I was 24 years old, and my mother was dying in a hospital very far away from me.

There are some moments in your existence where life makes sure that you are aware of your priorities very, very quickly. It is like a shock to your system – a violent, tumultuous shift of tectonic plates somewhere deep inside your soul that forces you to remember exactly what is important in life, exactly what matters most.

My life has been filled with those moments, and most of them have to do with my mother. To cut a long story short, I made it to India in time, my mother eventually made it out alive, and here we are today, her methodically reading her papers, and me sitting on the floor after a hectic morning workout.

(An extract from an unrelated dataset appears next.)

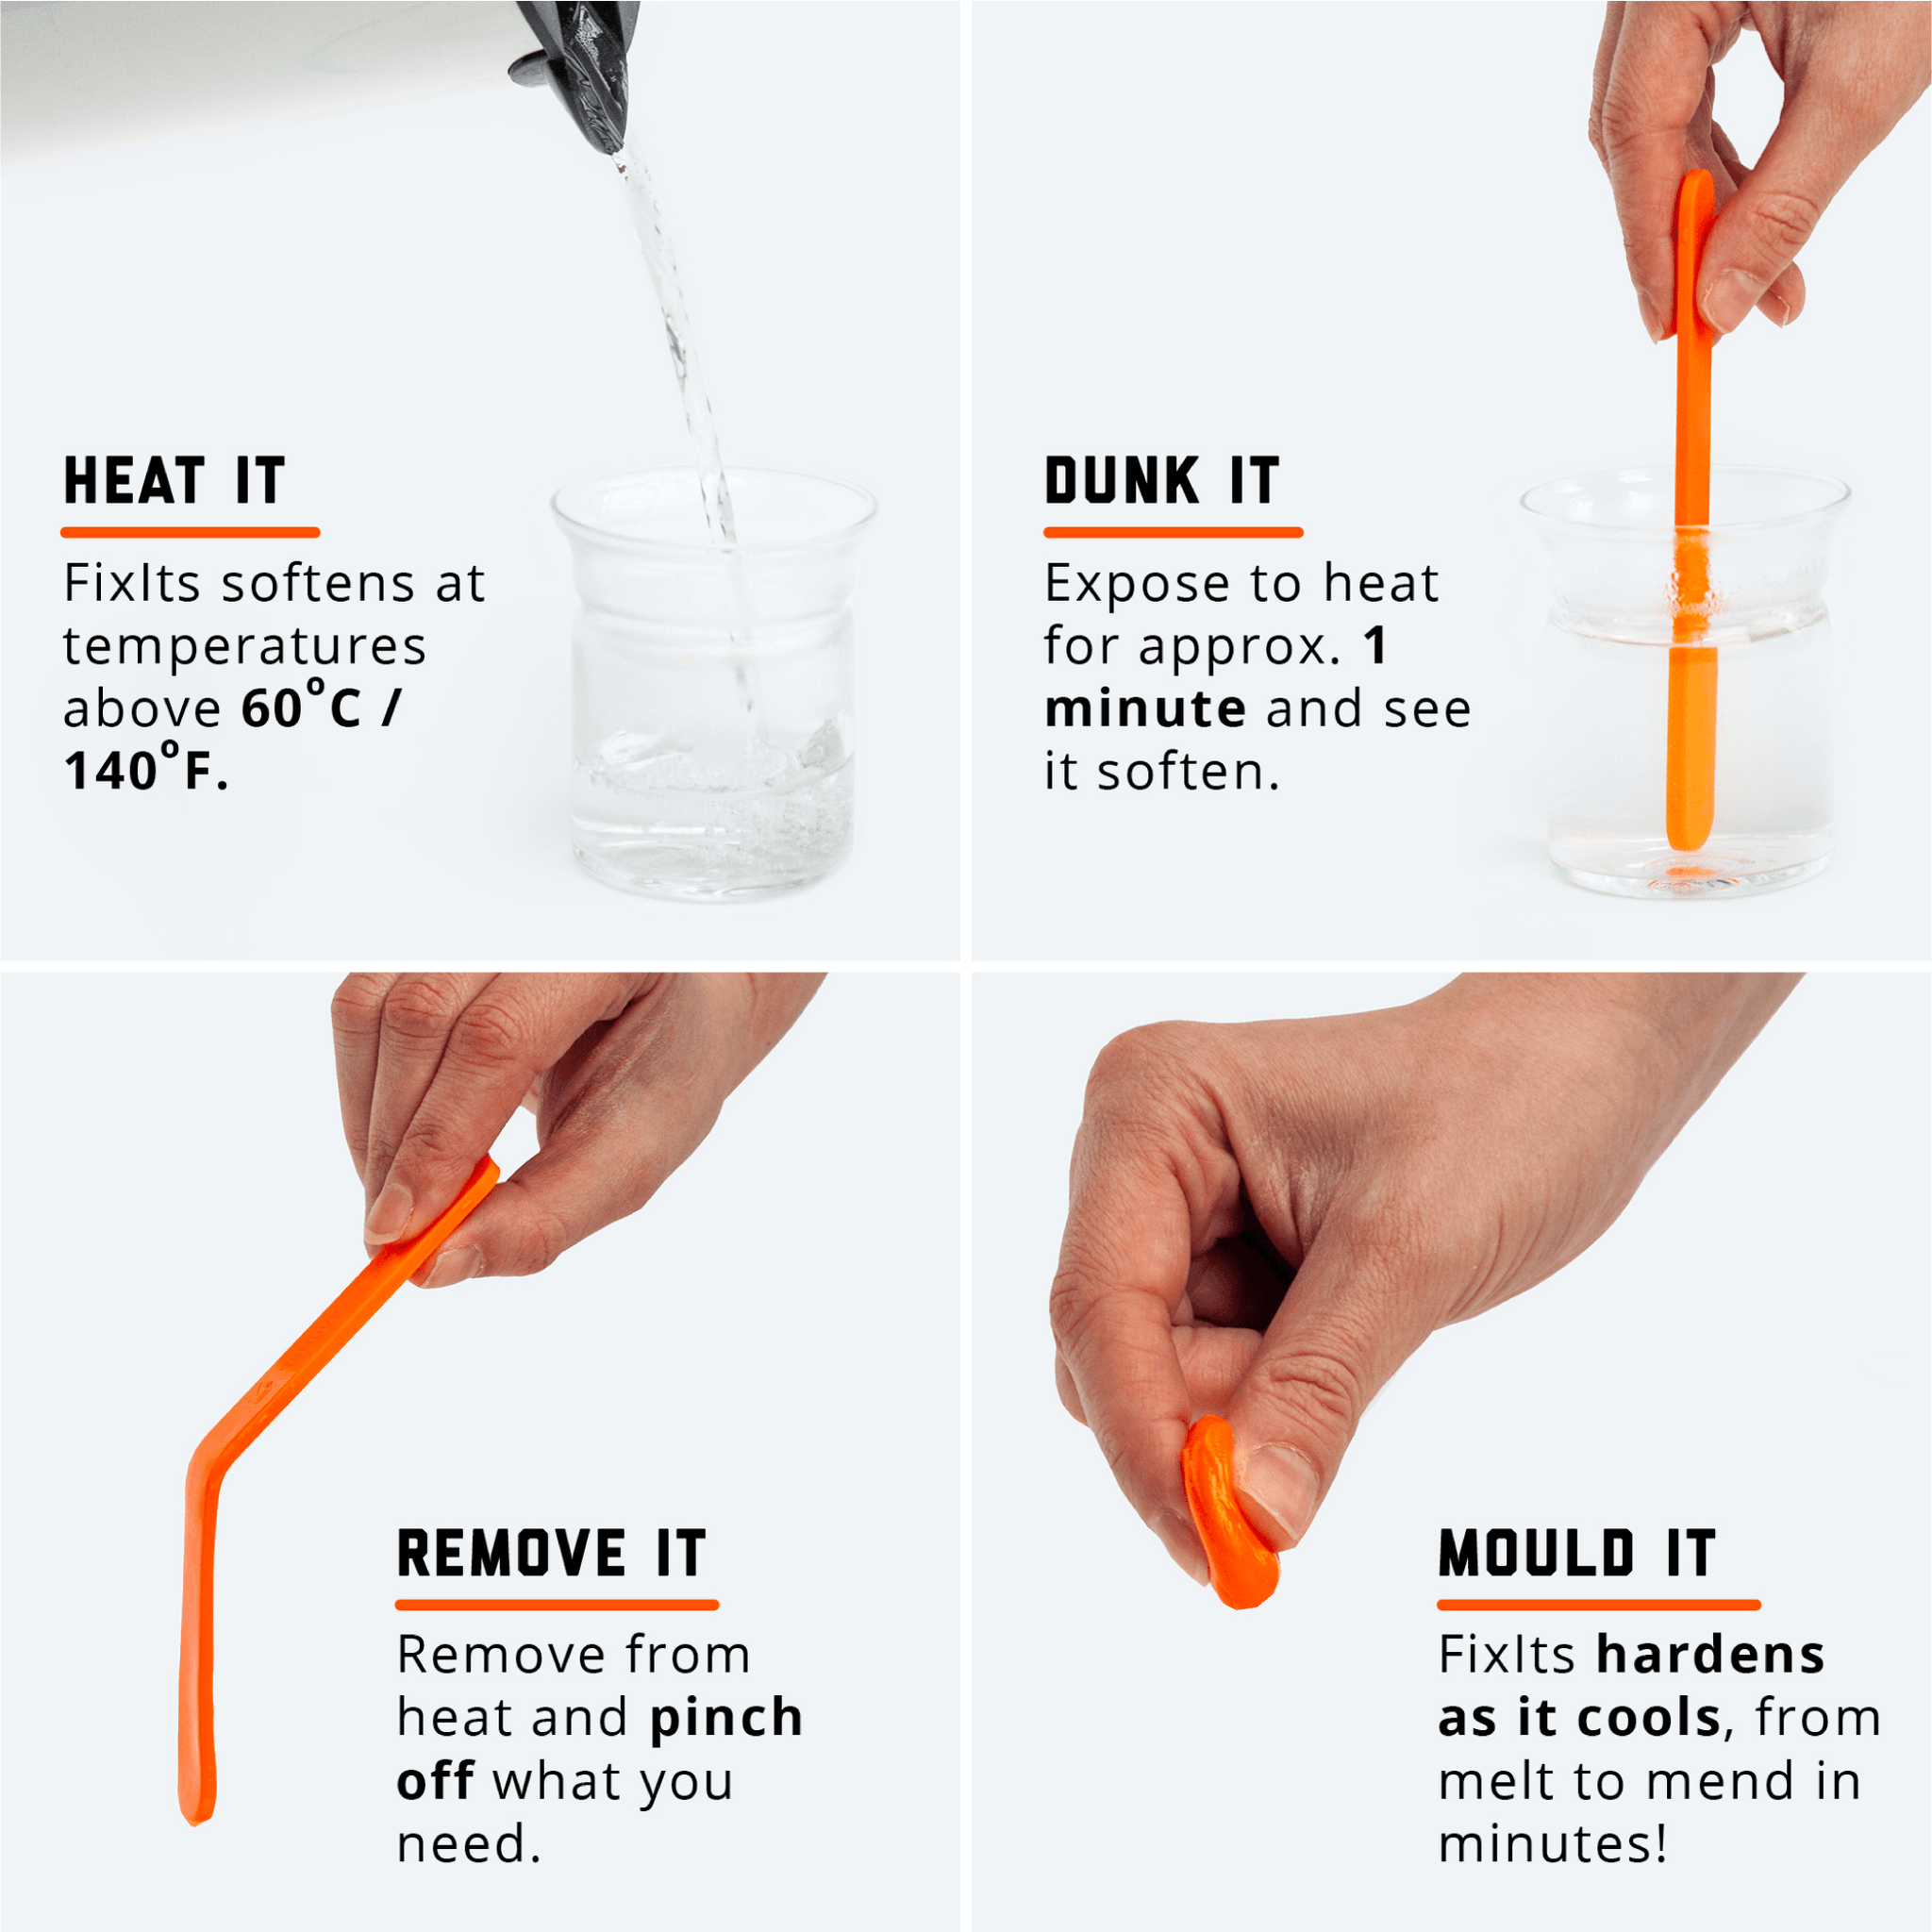 FixIts instructions: heat water to 60 degrees, then dunk your FixIts into it for approximately one minute, remove it and mould it into the desired shape. It will harden as it cools.

My mother mispronounces a word and I quickly correct her, my voice laced with irritation. This is not an unusual occurence.

I wrote several days ago that I am very unforgiving of home. What I really meant to say was, I am very unforgiving of my mother. I expect perfection from her, in her deeds and in her thoughts, because to me, my mother is the pinnacle. She’s it. If she falters, then what more can one expect from mere mortals, random strangers, friends?

(A deeper fear is, if she falters, then what more can I expect from myself, her daughter, who is so far removed from all that she is?)

I don’t know how to rationalise these expectations. So instead, I unleash my derision on her. Picking on her for little things. Getting angry when there is no reason to be. Etc. Etc.

You would think that as someone who has nearly lost her mother several times in her life, I would have more perspective (what happened last year is just the tip of the iceberg that is my mother’s fantastical, almost miraculous life). But, I forget. It is easy to take for granted someone who gives unconditionally. It is easy to take for granted someone who is so good at what she does, and who she is – be it keeping the house clean, managing the finances, having excellent aesthetic sense, giving advice, etc – that it is easy to forget that she too is human, with her mood swings, her good and bad days, her insecurities, her infinite human complexes.

It is easy to let the little things cloud the bigger picture.

This period since I’ve been back home has been an exciting, sometimes turbulent, mostly joyful experience of getting to know my mother as the woman she is. It has been a journey of rediscovery, and a renewal of a relationship that has seen its fair share of wear and tear. It has been a journey of detaching enough to understand that my mother is her own woman, as much as I am my own woman. Our personalities are very similar, and yet, so different. Acknowledging the similarities and taking pride in that has been my journey. Acknowledging the differences and accepting that her daughter is her own person, has been her journey.

On most days, we meet in the middle, and laugh at each other. On other days, we yell at each other, our quick tempers rising to the fore and abating, with one of us eventually conceding and raising the peace flag.

And so life goes on, my mother and I walking our paths together, yet separate.

And today, there is only gratitude, that we have both arrived at this together, and that we will both continue together.

What more can any daughter ask for?

Happy Mother’s Day, dearie. For everything that you are, and for everything you’ve taught me to be.